TASK BRIEF: Each line of the data must be written out again verbatim; no image belongs in the copy.

DATA SEGMENT:
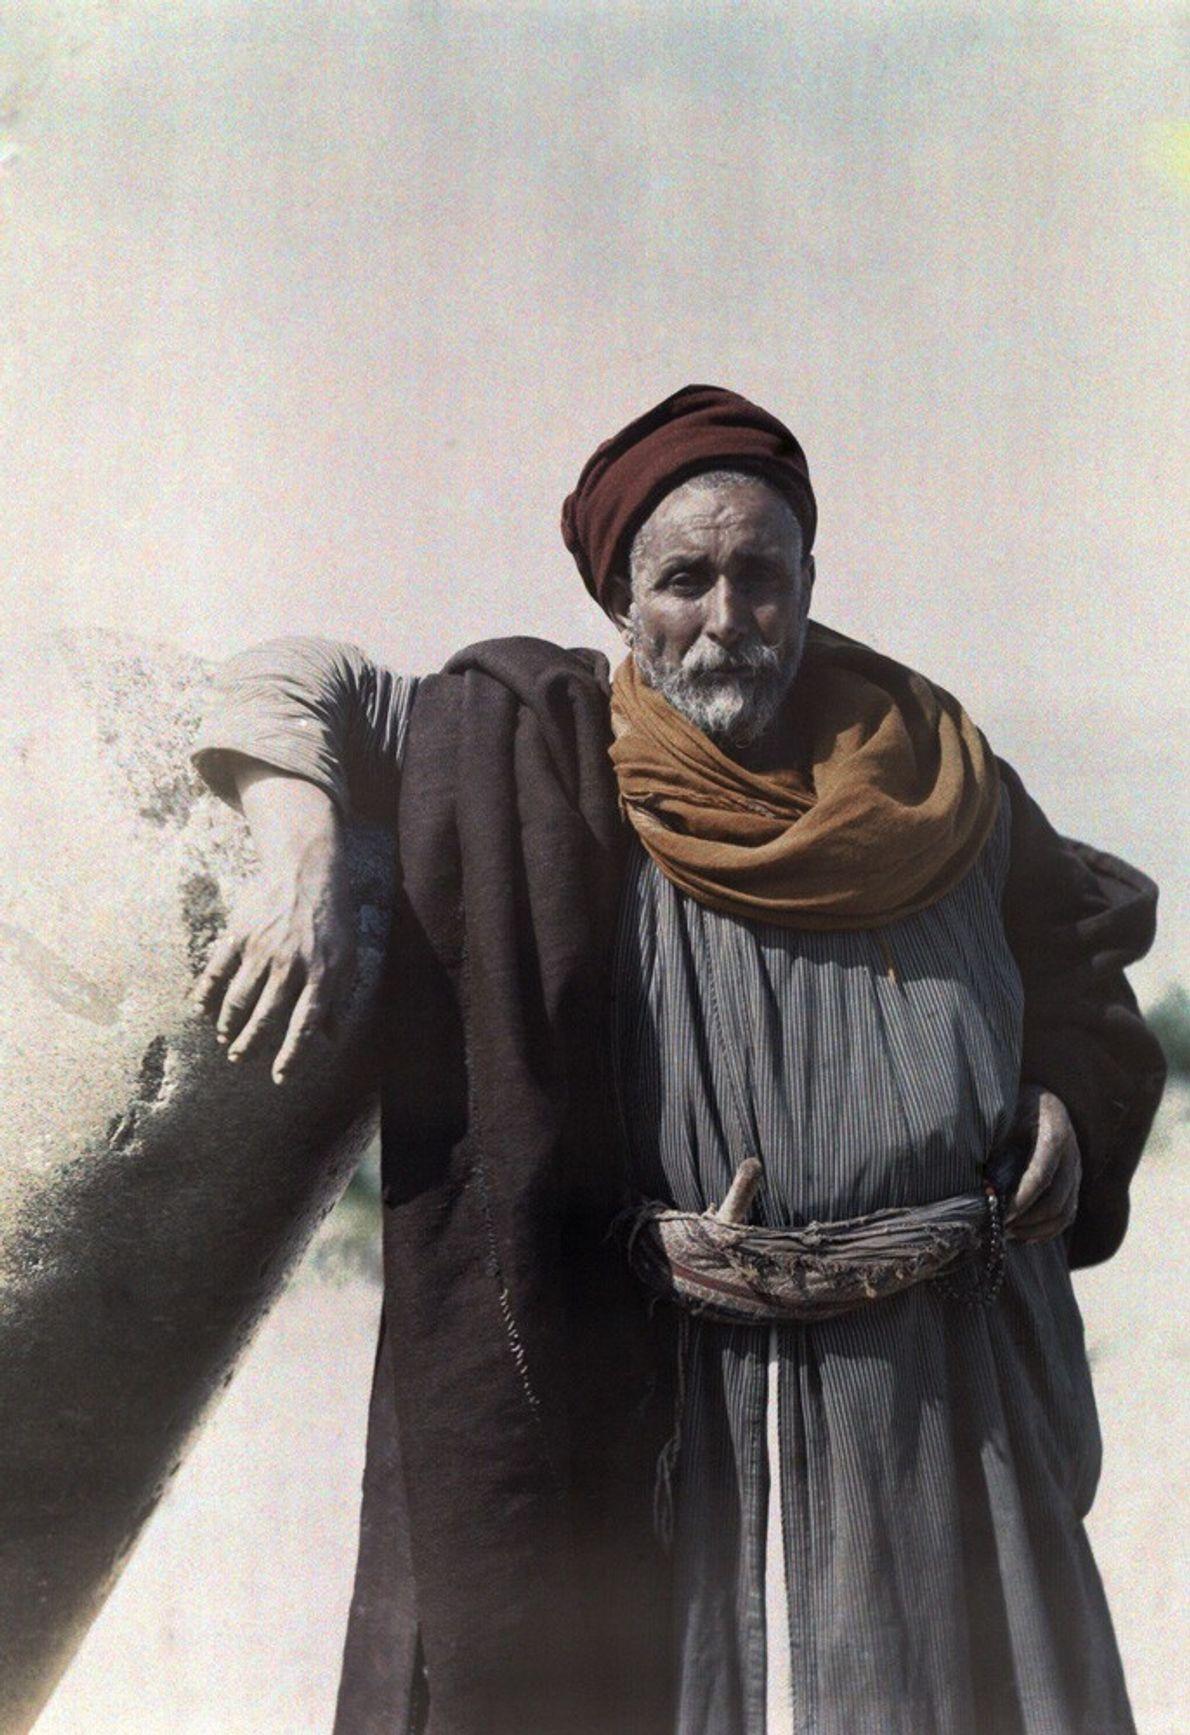 chefe de uma tribo nómada beduína
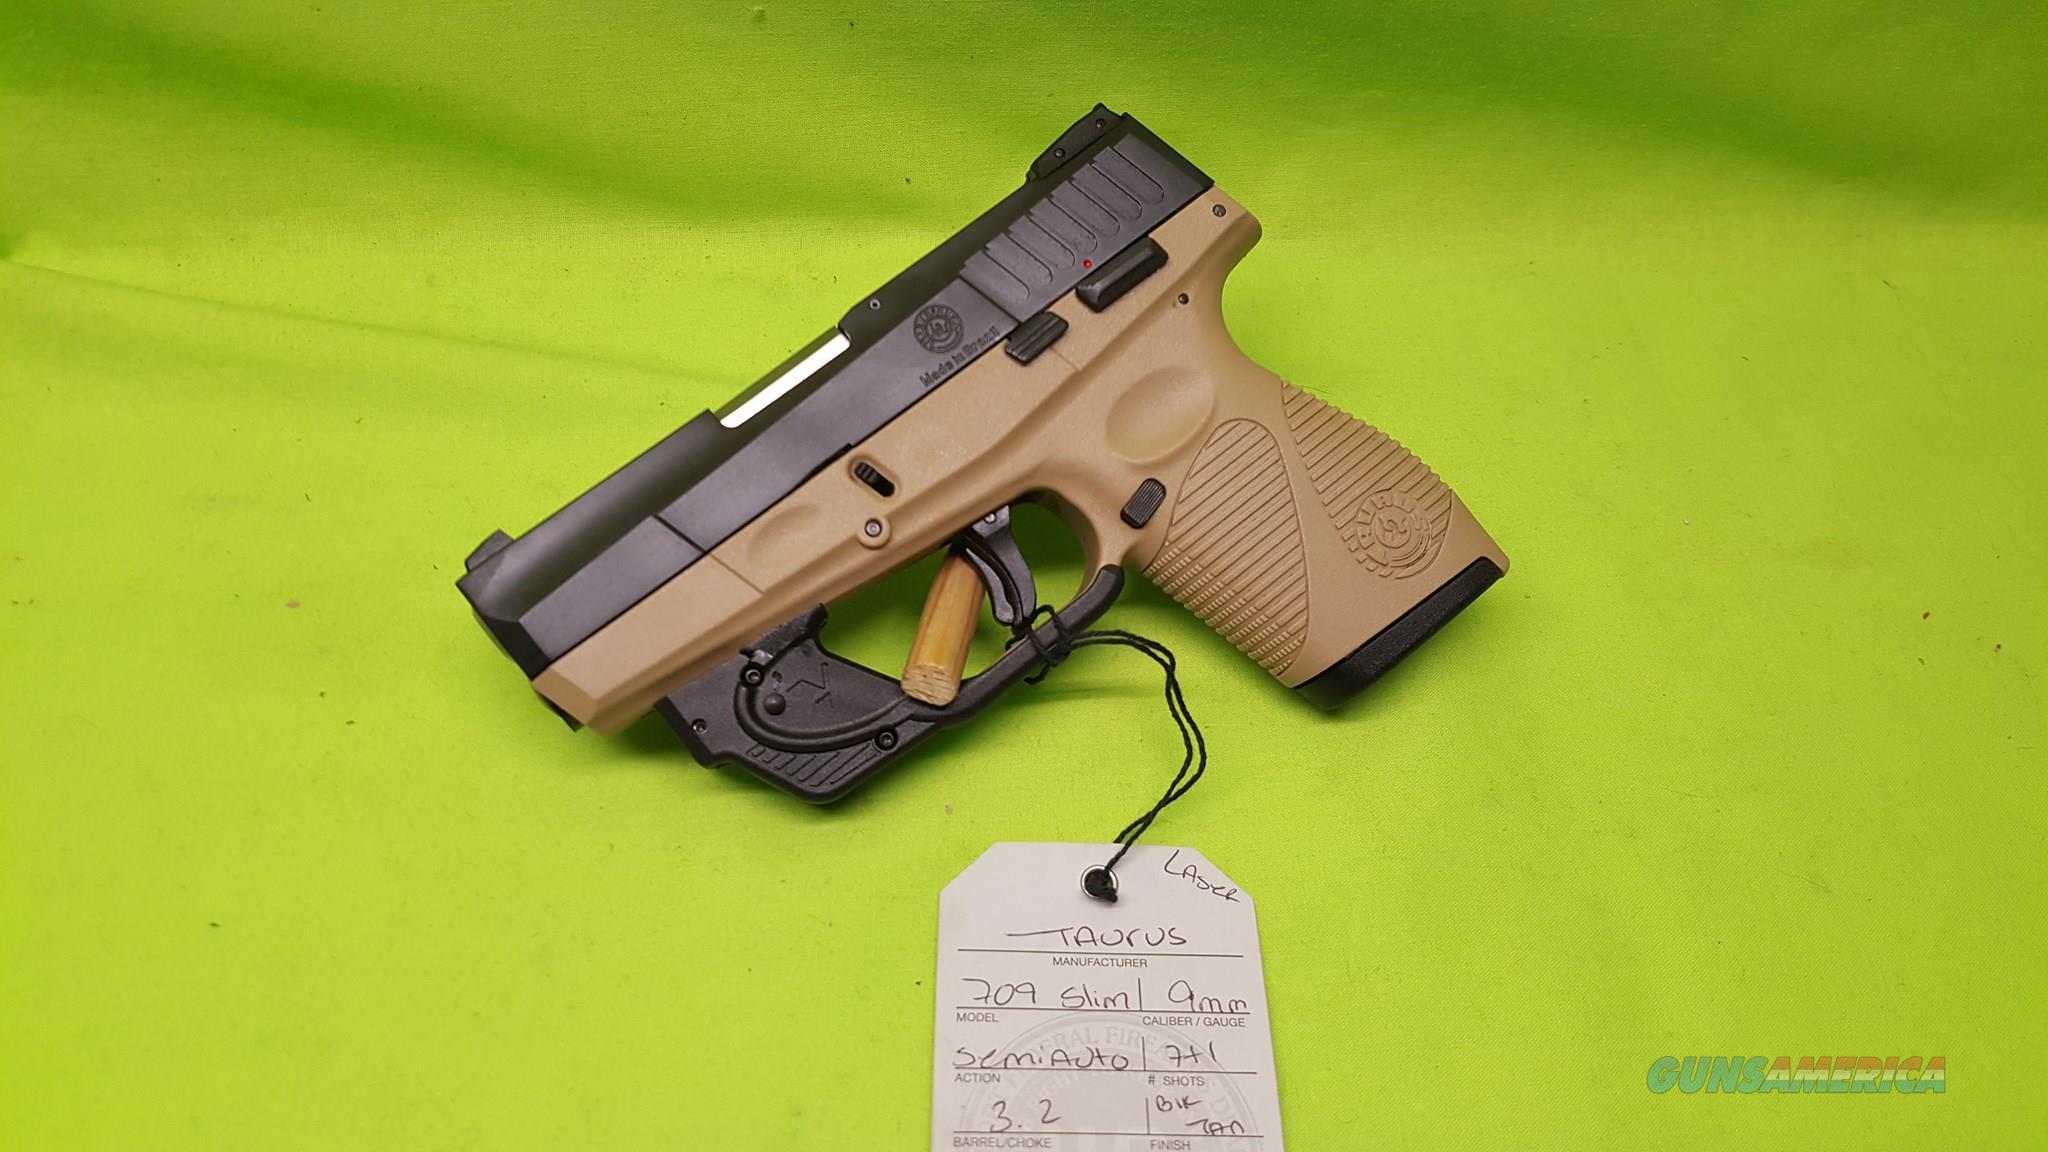 709 slim 9mm pistol - Taurus 709 Slim Pt 709 9 9mm Fde Tan 3 2 7 1 Laser Guns
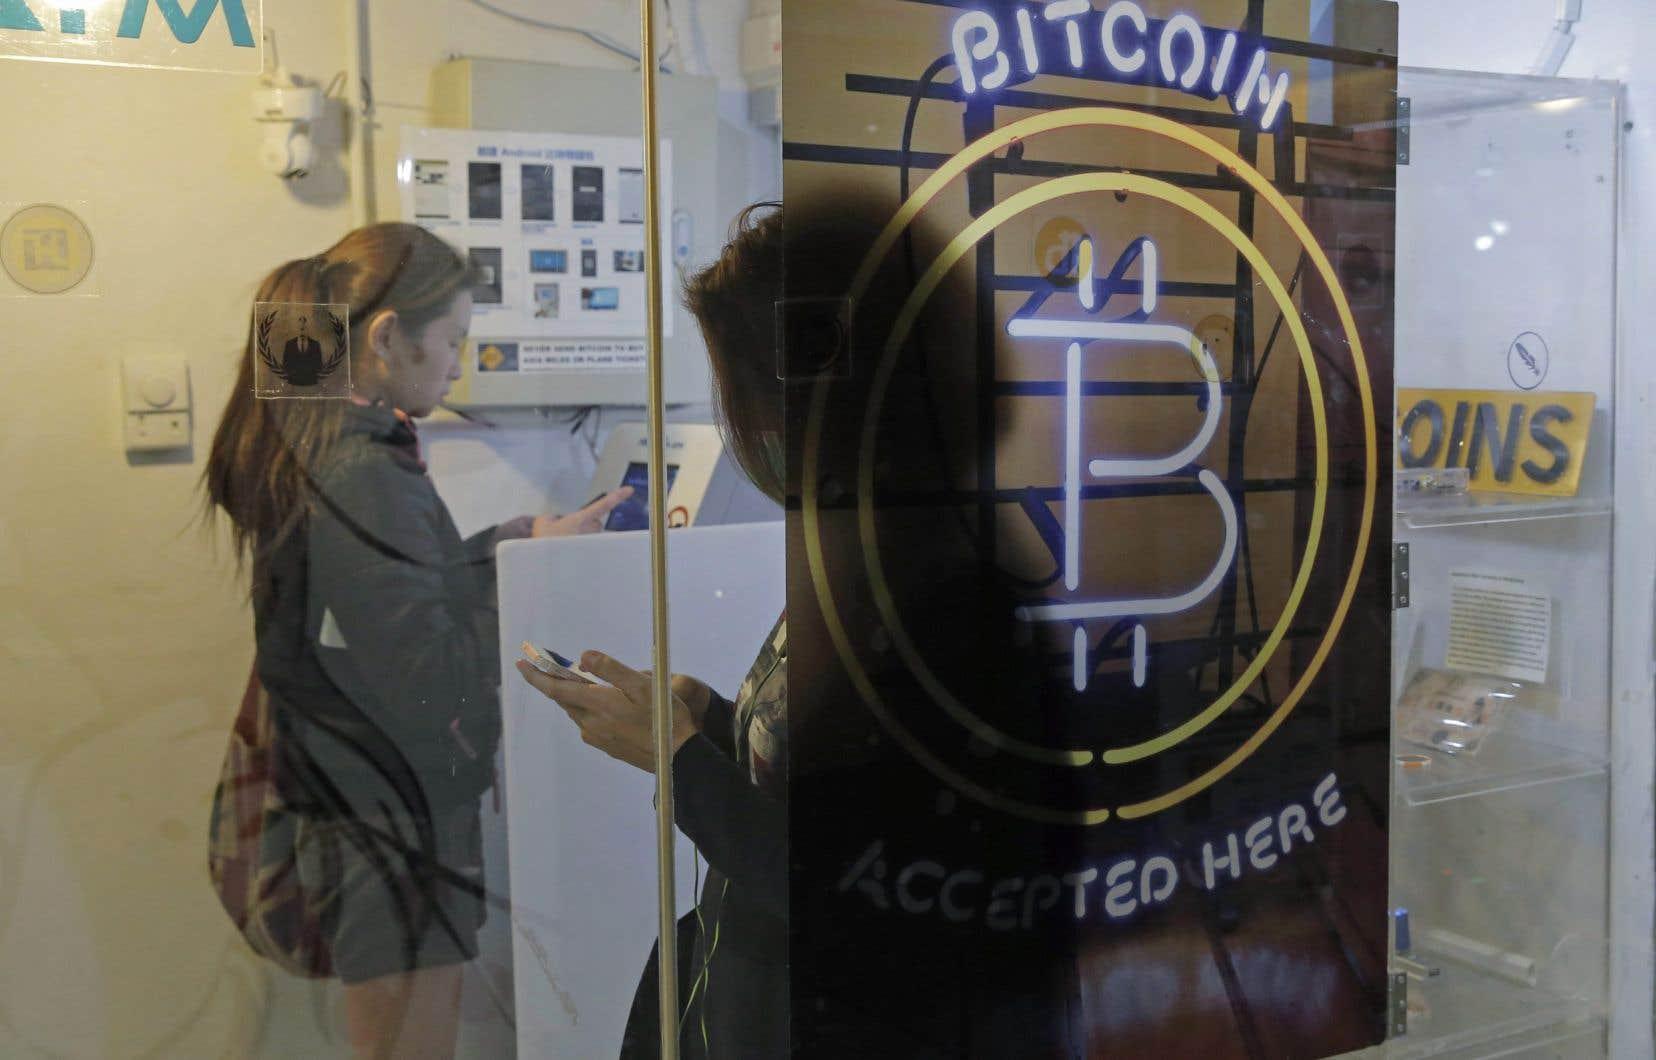 Les cryptomonnaies sont dans la mire des régulateurs depuis l'attention spéculative portée à la plus célèbre de ces monnaies, le bitcoin, qui a vu son cours flirter avec la barre des 20000$US l'an dernier.

TASK SOLUTION:
 chefe de uma tribo nómada beduína
 709 slim 9mm pistol - Taurus 709 Slim Pt 709 9 9mm Fde Tan 3 2 7 1 Laser Guns
 Les cryptomonnaies sont dans la mire des régulateurs depuis l'attention spéculative portée à la plus célèbre de ces monnaies, le bitcoin, qui a vu son cours flirter avec la barre des 20000$US l'an dernier.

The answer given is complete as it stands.